Kubernetes desired state can be updated/mutated thru two paradigms :
- Either imperatively using kubectl adhoc commands (
k set
, k create
, k run
, k rollout
,..)
- Or declaratively using YAML manifests with a single
k apply
The declarative way is ideal for treating your k8s manifests as Code, then you can share this Code with the team, version it thru Git for example, and keep tracking its history leveraging GitOps practices ( branching models, Code Review, CI/CD ).
However, the imperative way cannot be reviewed by the team as these adhoc-commands will be run by an individual and no one else can easily find out the cause of the change after the change has been made.
To overcome the absence of an audit trail with imperative commands, the --record
option is there to bind the root cause of the change as annotation called kubernetes.io/change-cause
and the value of this annotation is the imperative command itself.

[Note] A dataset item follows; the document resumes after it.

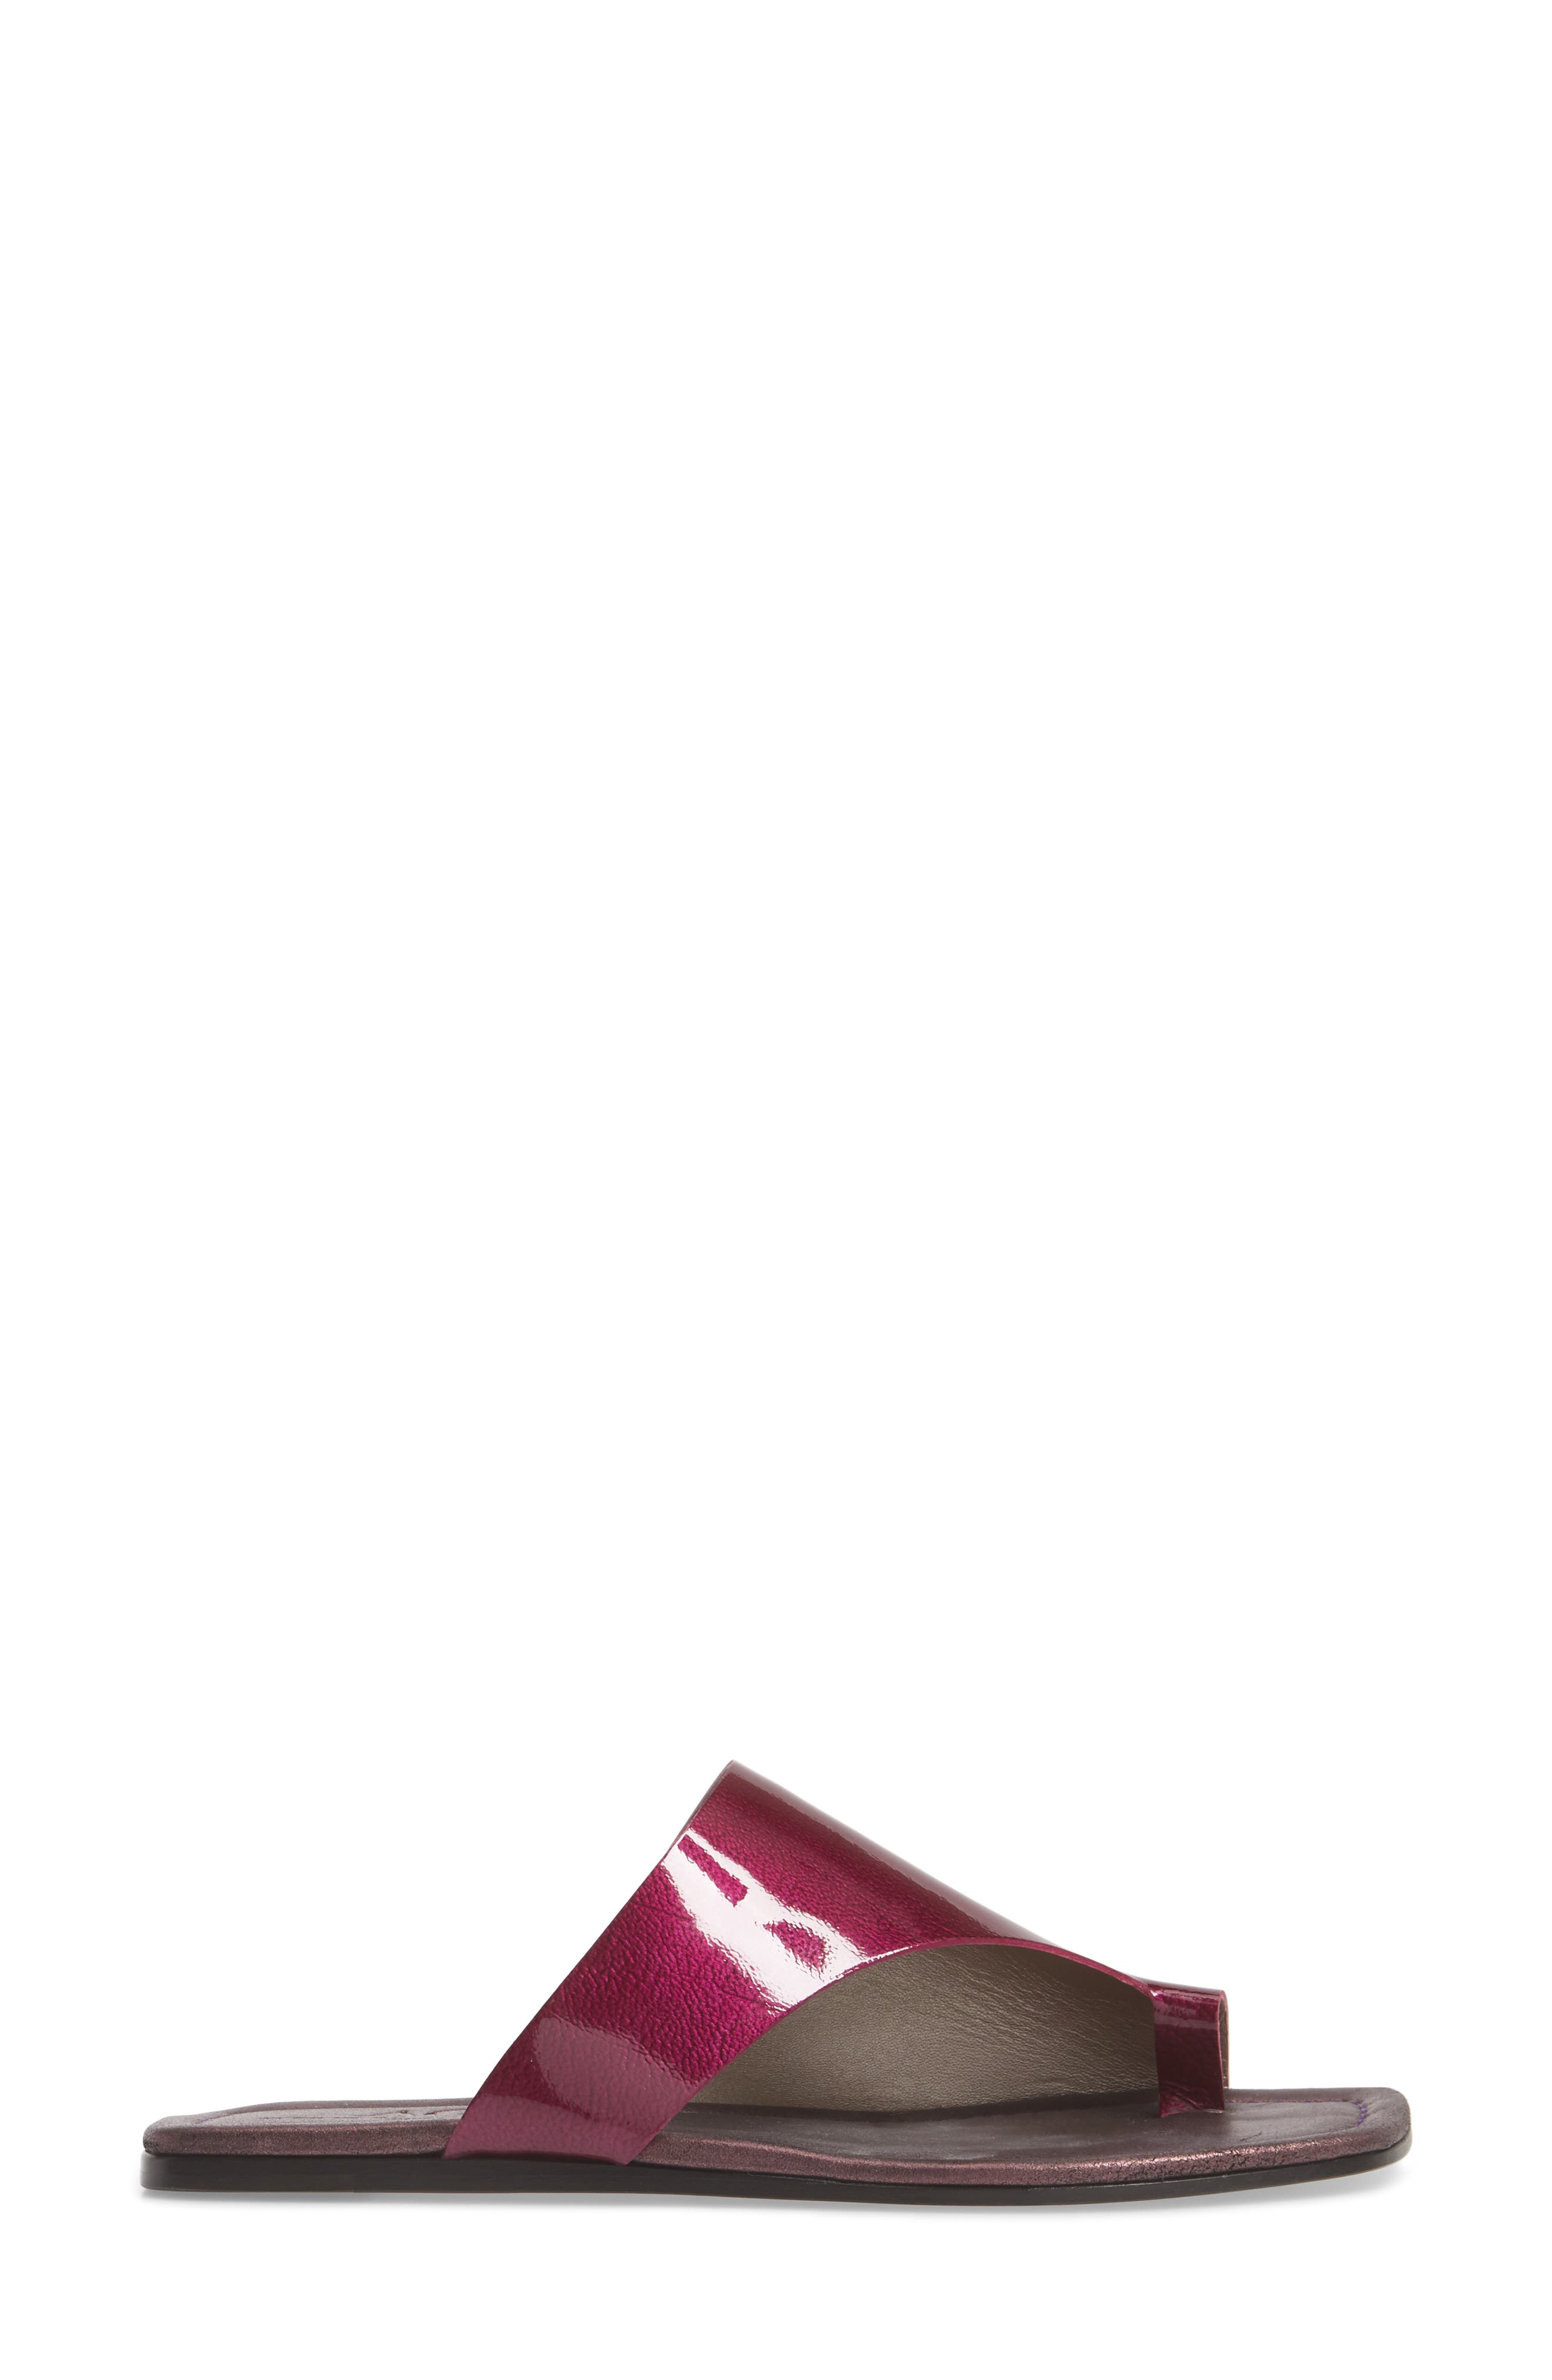 Asymmetrical Toe Thong Sandal,                             Alternate thumbnail 3, color,                             Fuchsia Patent
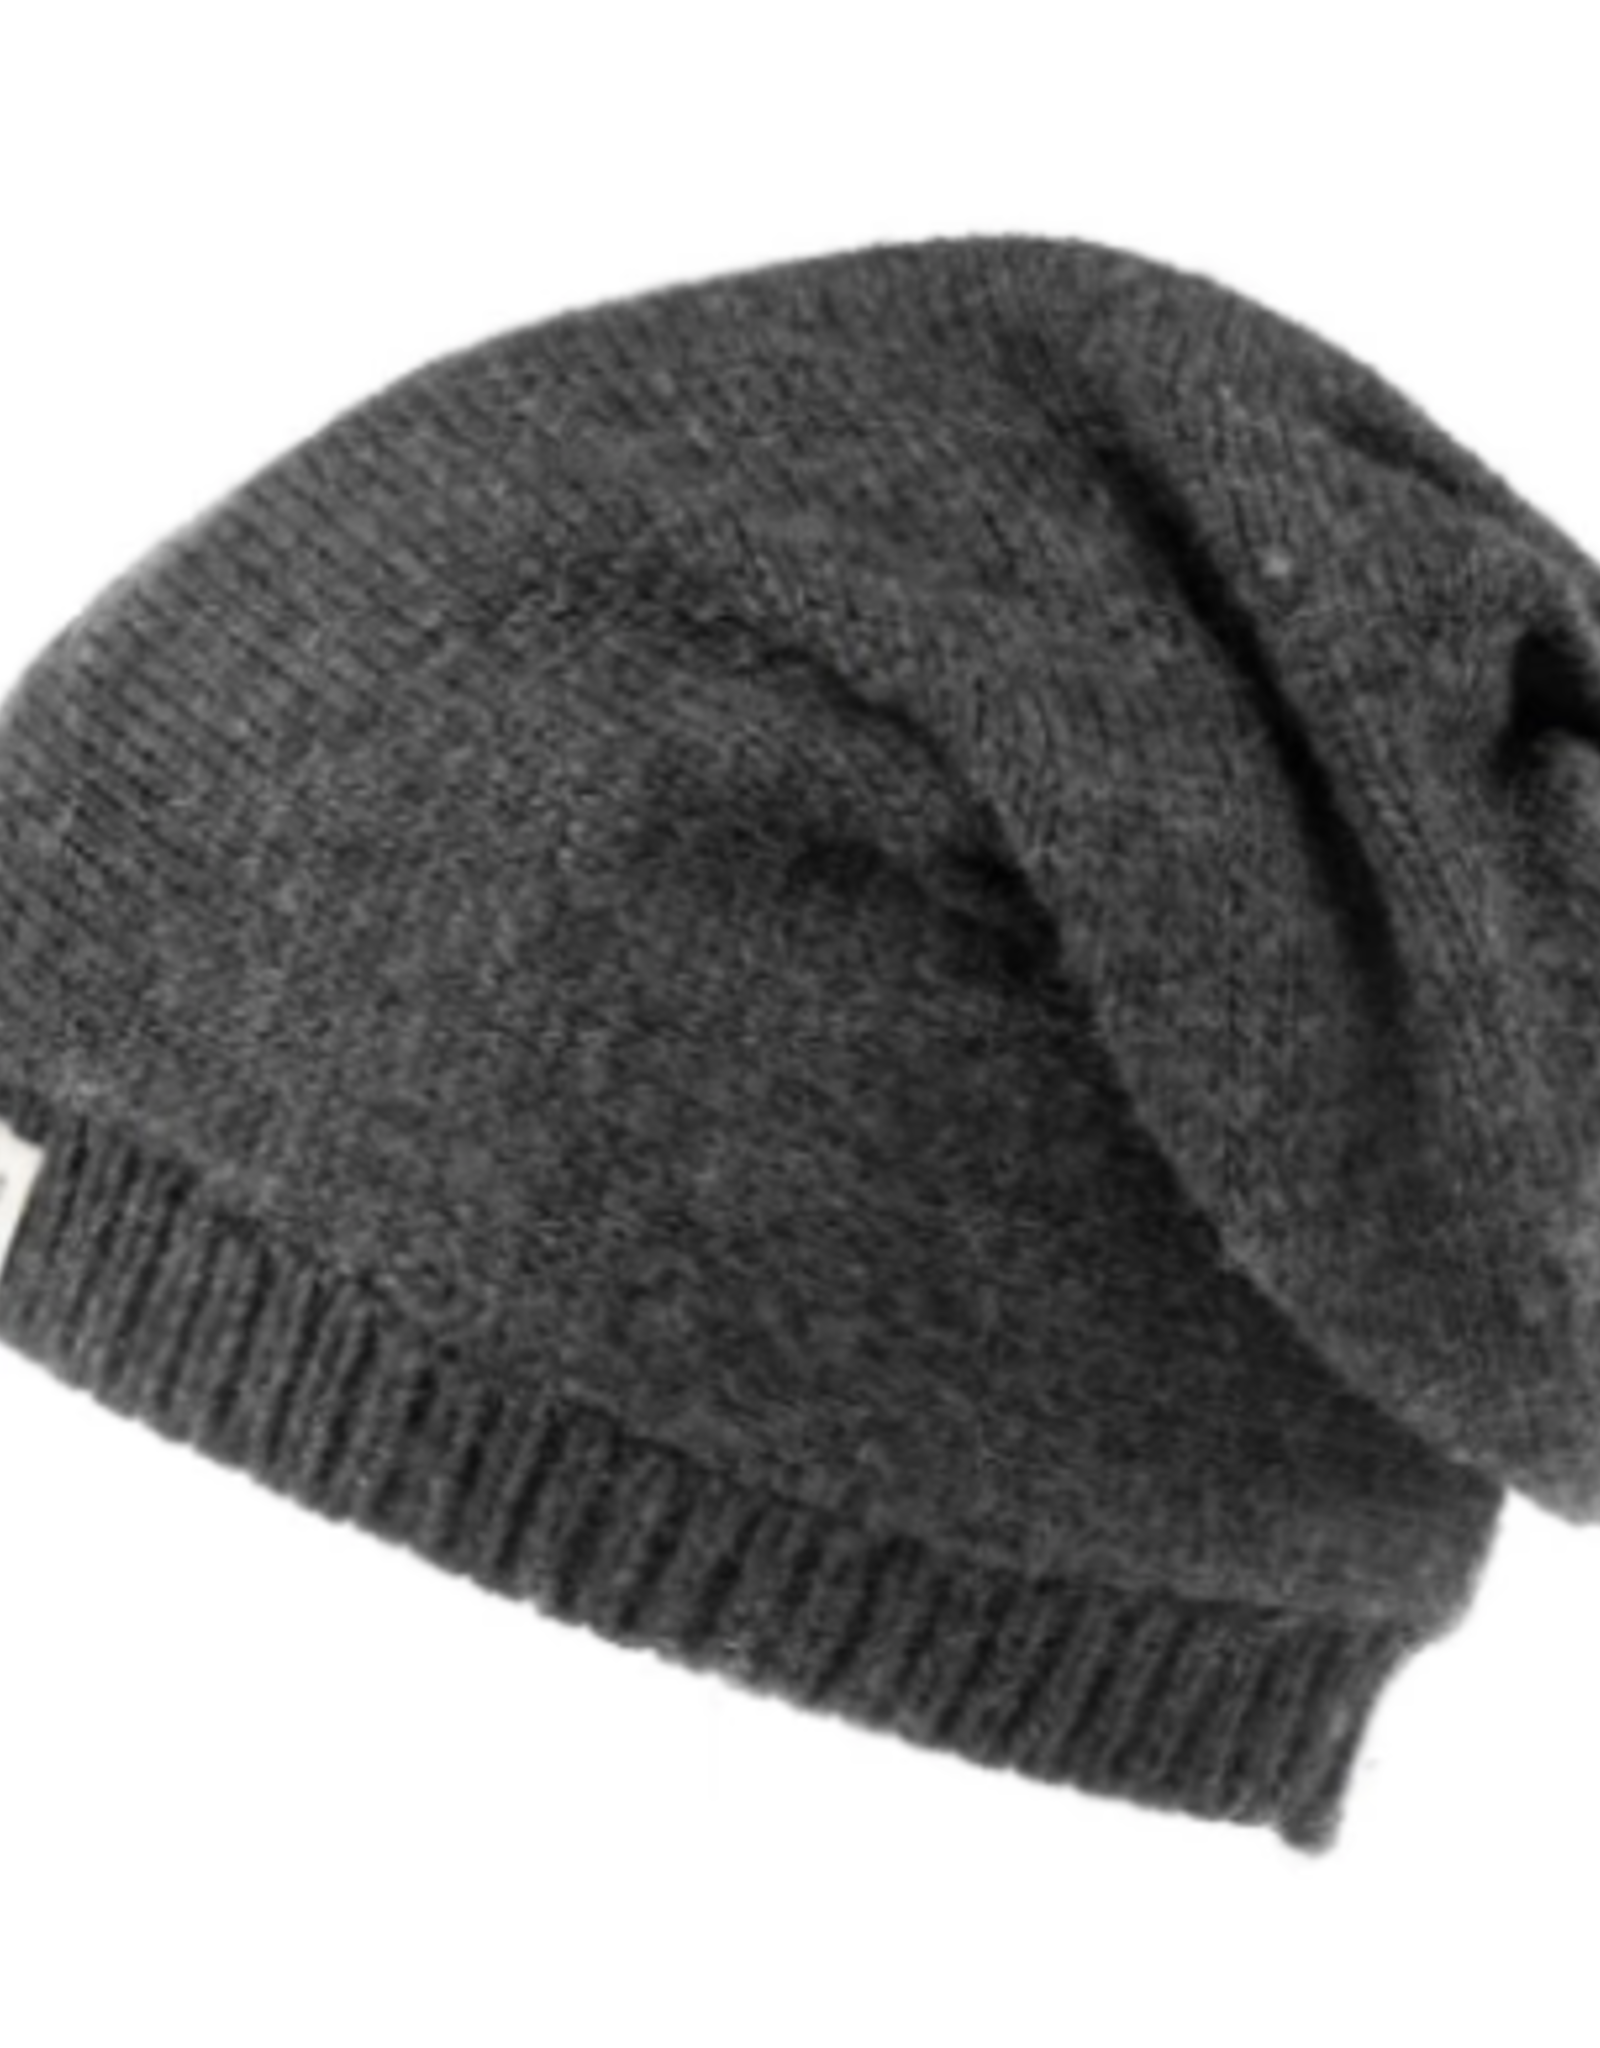 HAT-BEANIE-SLOUCH-DEKALB

(note below is from the official doc)
Note: You can specify the --record flag to write the command executed in the resource annotation kubernetes.io/change-cause. The recorded change is useful for future introspection. For example, to see the commands executed in each Deployment revision.
As conclusion :
- Theoretically ,
--record
is not mandatory
- Practically, it's mandatory in order to ensure the changes leave a rudimentary audit trail behind and comply with SRE process and DevOps culture.